Report, 2nd draft

Authors
Affiliation

Description

As its name might suggest, a statistical analysis plan (SAP) provides a detailed outline of the planned statistical analyses for a study. In the third phase of the SDS 210 project, you will return to and expand on your initial project proposal to create a statistical analysis plan. You will refine your study population, aims, primary response variables, and explanatory variables based on your data wrangling and exploratory data analysis experience. You will also outline which inferential statistical procedures you will use to formally investigate your primary and secondary hypotheses.

Format

Your final statistical analysis plan should be submitted as a PDF file, rendered from a Quarto file (*.qmd).

Content

Edit your previous draft so that it contains the following elements in the appropriate sections:

In the beginning of the Introduction

Write one paragraph providing an introduction to your study. You should aim to answer the following questions as part of your response:

  • What is the purpose of your study? In other words, what phenomenon or trend are you planning to investigate?
  • What is the importance or relevance of this topic?

In the middle of the Introduction

Study Objectives and Endpoints

Identify and describe the primary objectives of your study, as well as the relevant outcome(s) or response variable(s), that you will use to address these objectives. You should describe these variables in sufficient detail that someone unfamiliar with your project and dataset could understand:

  • what response variable(s) you plan to study, and
  • how those variables are measured/defined.

Study Population

Provide an updated short description of the population that you intend to include in your study, as well as the larger population/phenomenon to which you will generalize your results. Please be sure to address the following in your response:

  • What are the observational units for this population?
  • What exclusion criteria do you intend to implement? In other words, do you intend to remove observations from the dataset that have missing data? Have you chosen to restrict your focus to only a subset of your original sample? If so, please describe that process.
  • What limitations, biases, or threats to generalizability do you anticipate to be present in your study?

In the Data section

Study Variables

Provide an updated list of the explanatory variables that you will include in your analysis. You should describe these variables in sufficient detail that someone unfamiliar with your project and dataset could understand:

  • what explanatory variables you plan to study, and
  • how those variables are measured/defined.

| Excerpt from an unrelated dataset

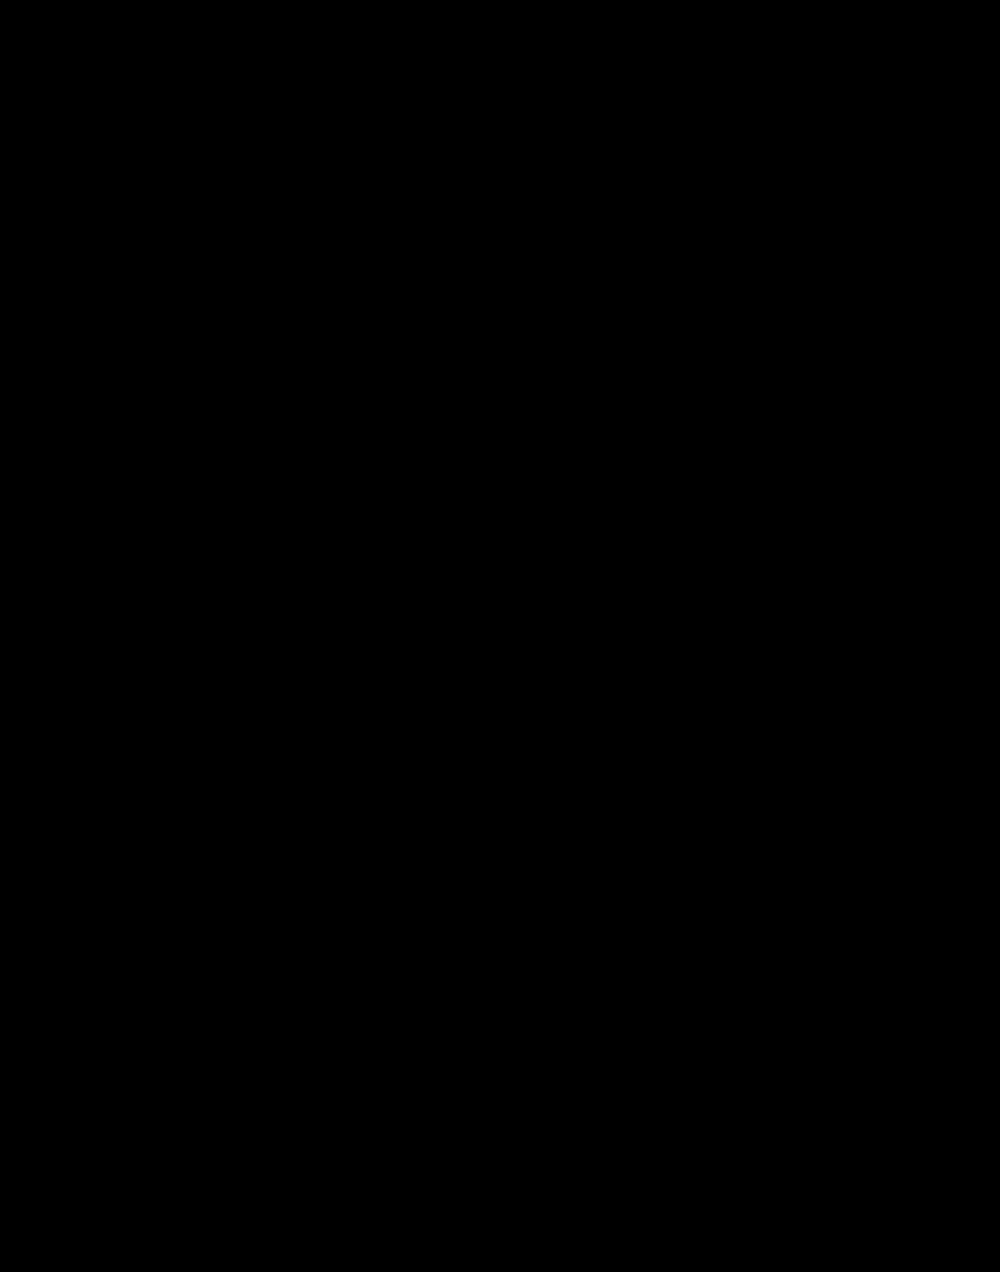 virt_logo_black-01.png

It is not sufficient to simply list the column names of the relevant variables in your dataset. If you have derived any new variables—for example, by collapsing the levels of an existing categorical variable, by merging in a new dataset, or by transforming existing variables by, e.g., changing the units of measurement—please also describe how you constructed these new predictors.

In the Methods section

Analysis Plan

Based in part on the results of your exploratory data analysis, propose an appropriate set of statistical analyses to address your research question(s). You must also expand the simple linear regression model from your exploratory data analysis to include at least one additional predictor.

Primary Analysis

Given what you previously identified as the primary objectives of your study, highlight one primary statistical analysis that you will conduct. For this primary analysis:

  • State the null and alternative hypotheses, both in words and using mathematical/statistical notation.
  • Describe briefly what statistical method(s) you plan to use to analyze these data.
    • Do you plan to fit a linear regression model? If so, please write out the population regression model you intend to fit.
    • Do you plan to use computational procedures to construct a confidence interval or conduct a hypothesis test? If so, what statistic will you be bootstrapping/randomizing, and how many resamples/randomizations do you intend to conduct?
    • Do you plan to use a probabilistic model instead? If so, what reference distribution will you use (e.g., Normal, \(\chi^2\), \(t\))? Make sure that the technical conditions for your chosen approach are met in your data.

Secondary Analyses

All other statistical analyses should be considered secondary or exploratory and listed separately from your primary analysis. For each of these secondary/exploratory analyses, please once again:

  • State the null and alternative hypotheses, both in words and using mathematical/statistical notation.
  • Describe briefly what statistical method(s) you plan to use to analyze these data, answering the same questions as in Section 5.A above.

In the Discussion section

Limitations

Missing Data

Describe briefly (in one or two sentences) what approach you will take to address missing data in your sample. Discuss any potential limitations of this approach. If you did not have any missing data in your original dataset, you may leave this section blank.

Statistical Significance and Multiple Testing

What confidence level/significance level will you use for your analyses? Do you have any concerns about multiple testing? If so, please articulate your concerns.

Submission

Please have one member of your group turn in a PDF to Moodle by the due date.